Treat of SARS-CoV2/COVID19 positive individuals:
The study shows an effect on human epithelial cell lines for 9 drugs, 3 of them already FDA approved.
Study Type
-
In vitro study
Strengths and limitations of the paper
Novelty: Identified target of Cyclosporine in inhibiting SARS-CoV-2 infection in Huh7.5 and Calu-3 cells. However, drugs identified have mostly been reported to have anti-SARS-CoV-2 activity.
Standing in the field: Antiviral drugs identified agree with other studies. Suggested differences in viral entry route and drug sensitivity in different cell lines were also observed in previous literatures.
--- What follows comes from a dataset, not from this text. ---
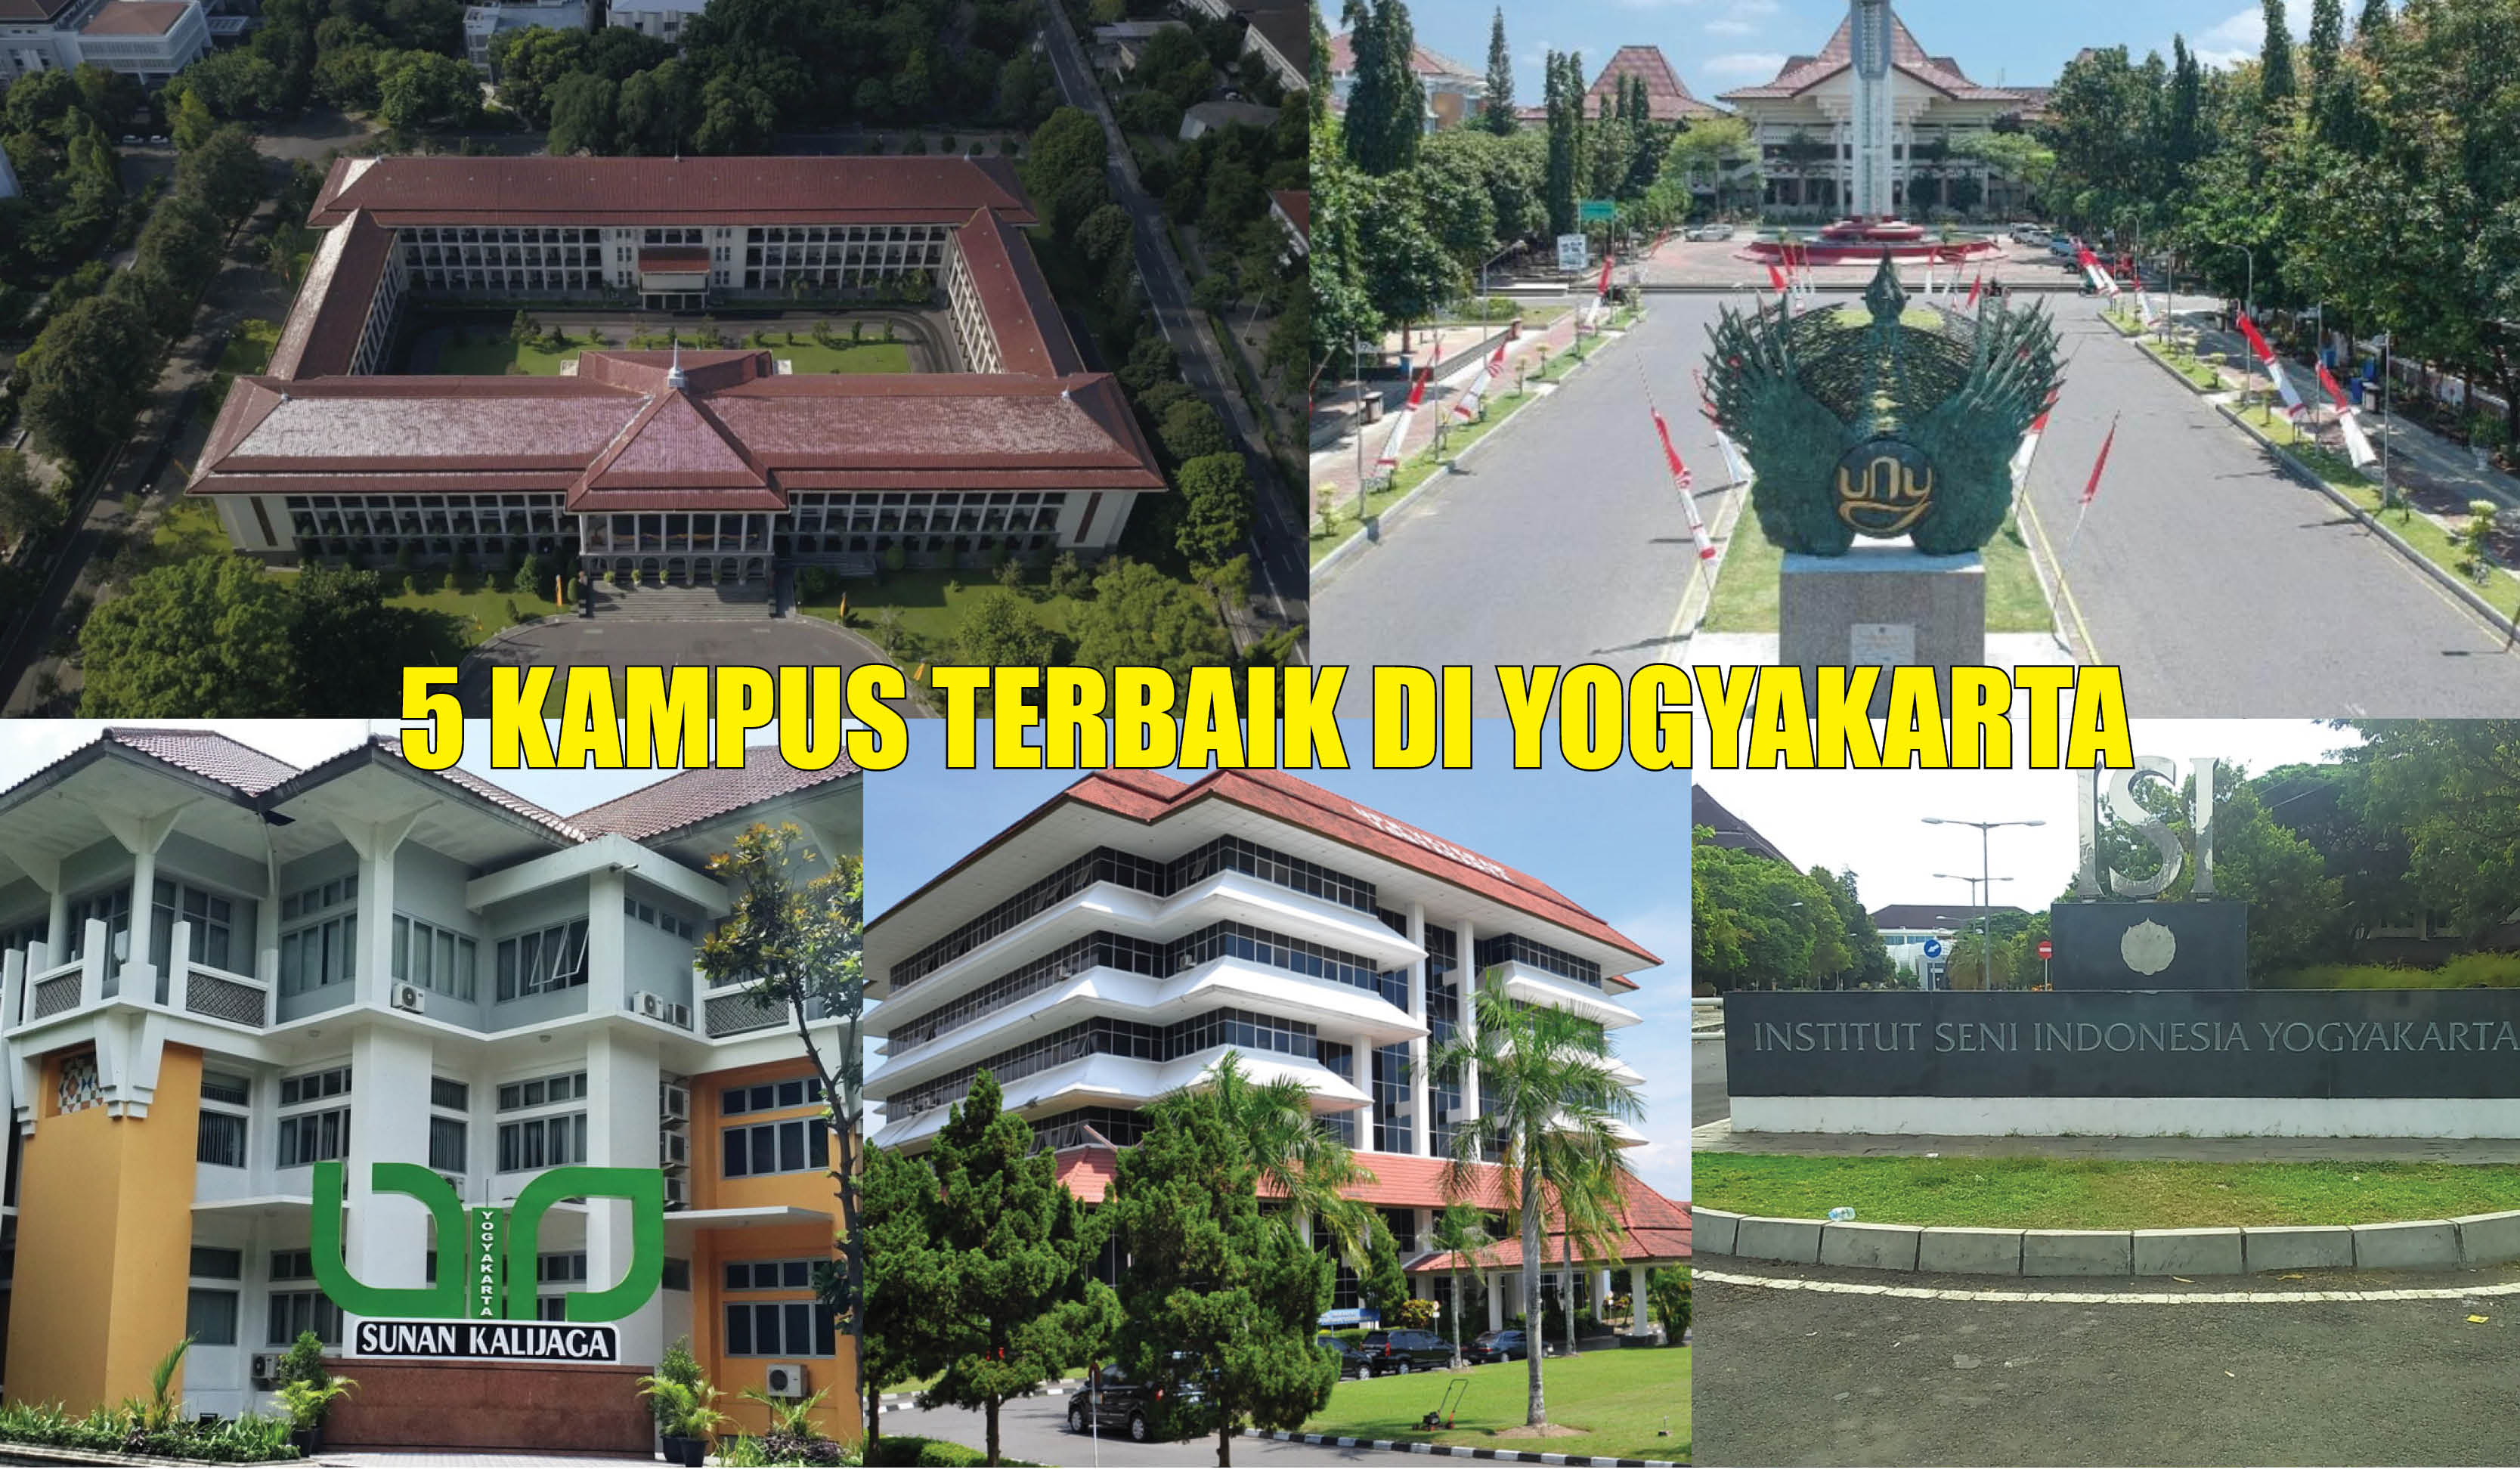 5 Kampus Terbaik di Yogyakarta, Nomor 1 Punya 18 Fakultas dan 2 Sekolah, Ada yang Tahu?

Appropriate statistics: In main figures and some supplementary figures, number of repeats and what the error bars stand for are unclear. Only outliers are shown as individual points.
Viral model used: SARS-CoV-2 [USA-WA1/2020]
Translatability:Moderately translatable. More in vitro and in vivo studies are needed for the translatability.
Main limitations:
The study shows the effect in vitro for cell lines by virus growth on microscopy. Inhibition in cell cultures may not result in inhibition in whole organism model. The authors did not discuss whether the concentrations of drugs at which inhibition occurs have any physiological relevance. Overlapping text in the last main figure.